Department of Computer Engineering, Kyungpook National University, Daegu 702-701, South Korea.
BMC Genomics. 2009 Dec 3;10 Suppl 3(Suppl 3):S3. doi: 10.1186/1471-2164-10-S3-S3.
Oligonucleotide design is known as a time-consuming work in bioinformatics. In order to accelerate and be efficient the oligonucleotide design process, one of widely used approach is the prescreening unreliable regions using a hashing (or seeding) algorithm. Since the seeding algorithm is originally proposed to increase sensitivity for local alignment, the specificity should be considered as well as the sensitivity for the oligonucleotide design problem. However, a measure of evaluating the seeds regarding how adequate and efficient they are in the oligo design is not yet proposed. Here, we propose novel measures of evaluating the seeding algorithms based on the discriminability and the efficiency.

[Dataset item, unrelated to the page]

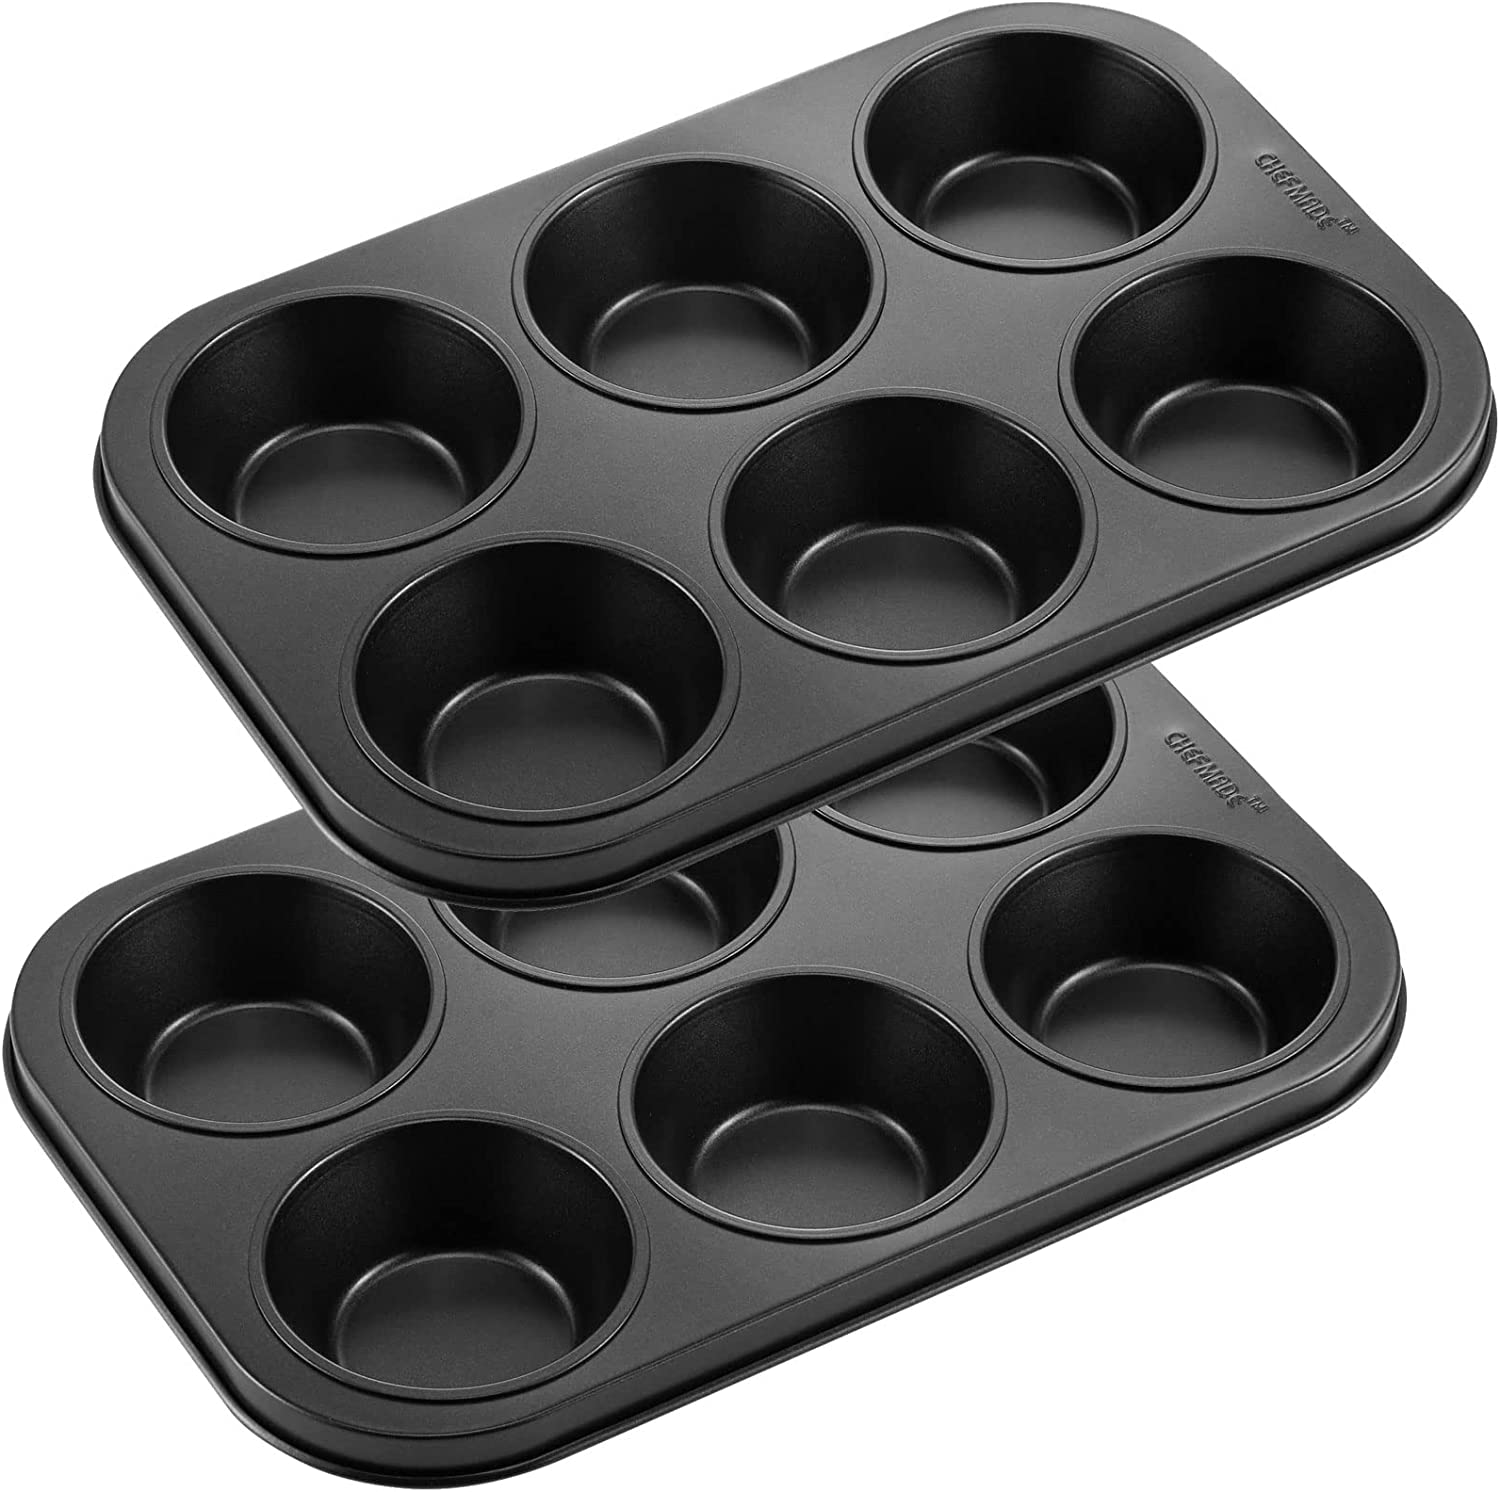 Muffin Pan Super Mini 20 Well - CHEFMADE official store

To evaluate the proposed measures, we examine five seeding algorithms in oligonucleotide design. We carried out a series of experiments to compare the seeding algorithms. As the result, the spaced seed is recorded as the most efficient discriminative seed for oligo design. The performance of transition-constrained seed is slightly lower than the spaced seed. Because BLAT seeding algorithm and Vector seeding algorithm give poor scores in specificity and efficiency, we conclude that these algorithms are not adequate to design oligos. Consequently, we recommend spaced seeds or transition-constrained seeds with 15 approximately 18 weight in order to design oligos with the length of 50 mer. The empirical experiments in real biological data reveal that the recommended seeds show consequently good performance. We also propose a software package which enables the users to get the adequate seeds under their own experimental conditions.
Our study is valuable to the two points. One is that our study can be applied to the oligo design programs in order to improve the performance by suggesting the experiment-specific seeds. The other is that our study is useful to improve the performance of the mapping assembly in the field of Next-Generation Sequencing. Our proposed measures are originally designed to be used for oligo design but we expect that our study will be helpful to the other genomic tasks.
寡核苷酸设计在生物信息学中是一项耗时的工作。为了加速和提高寡核苷酸设计的效率,一种广泛使用的方法是使用哈希(或播种)算法预先筛选不可靠的区域。由于播种算法最初是为了提高局部比对的灵敏度而提出的,因此在寡核苷酸设计问题中,不仅要考虑灵敏度,还要考虑特异性。然而,目前还没有提出一种衡量种子在寡核苷酸设计中充分性和效率的方法。在这里,我们提出了基于可区分性和效率的新的种子算法评估方法。
为了评估所提出的方法,我们在寡核苷酸设计中检验了五种播种算法。我们进行了一系列实验来比较播种算法。结果表明,间隔种子是最有效的用于寡核苷酸设计的区分性种子。转换约束种子的性能略低于间隔种子。由于 BLAT 播种算法和 Vector 播种算法在特异性和效率方面得分较低,我们得出结论,这些算法不适合设计寡核苷酸。因此,我们建议使用长度约为 50 个碱基的间隔种子或转换约束种子,权重为 15 到 18。在真实生物数据的实证实验中,推荐的种子表现出了良好的性能。我们还提出了一个软件包,使用户能够在自己的实验条件下获得合适的种子。
我们的研究有两个重要价值。一是我们的研究可以应用于寡核苷酸设计程序,通过建议特定于实验的种子来提高性能。另一个是我们的研究有助于提高下一代测序领域的映射组装的性能。我们提出的方法最初是为寡核苷酸设计而设计的,但我们希望我们的研究将对其他基因组任务有所帮助。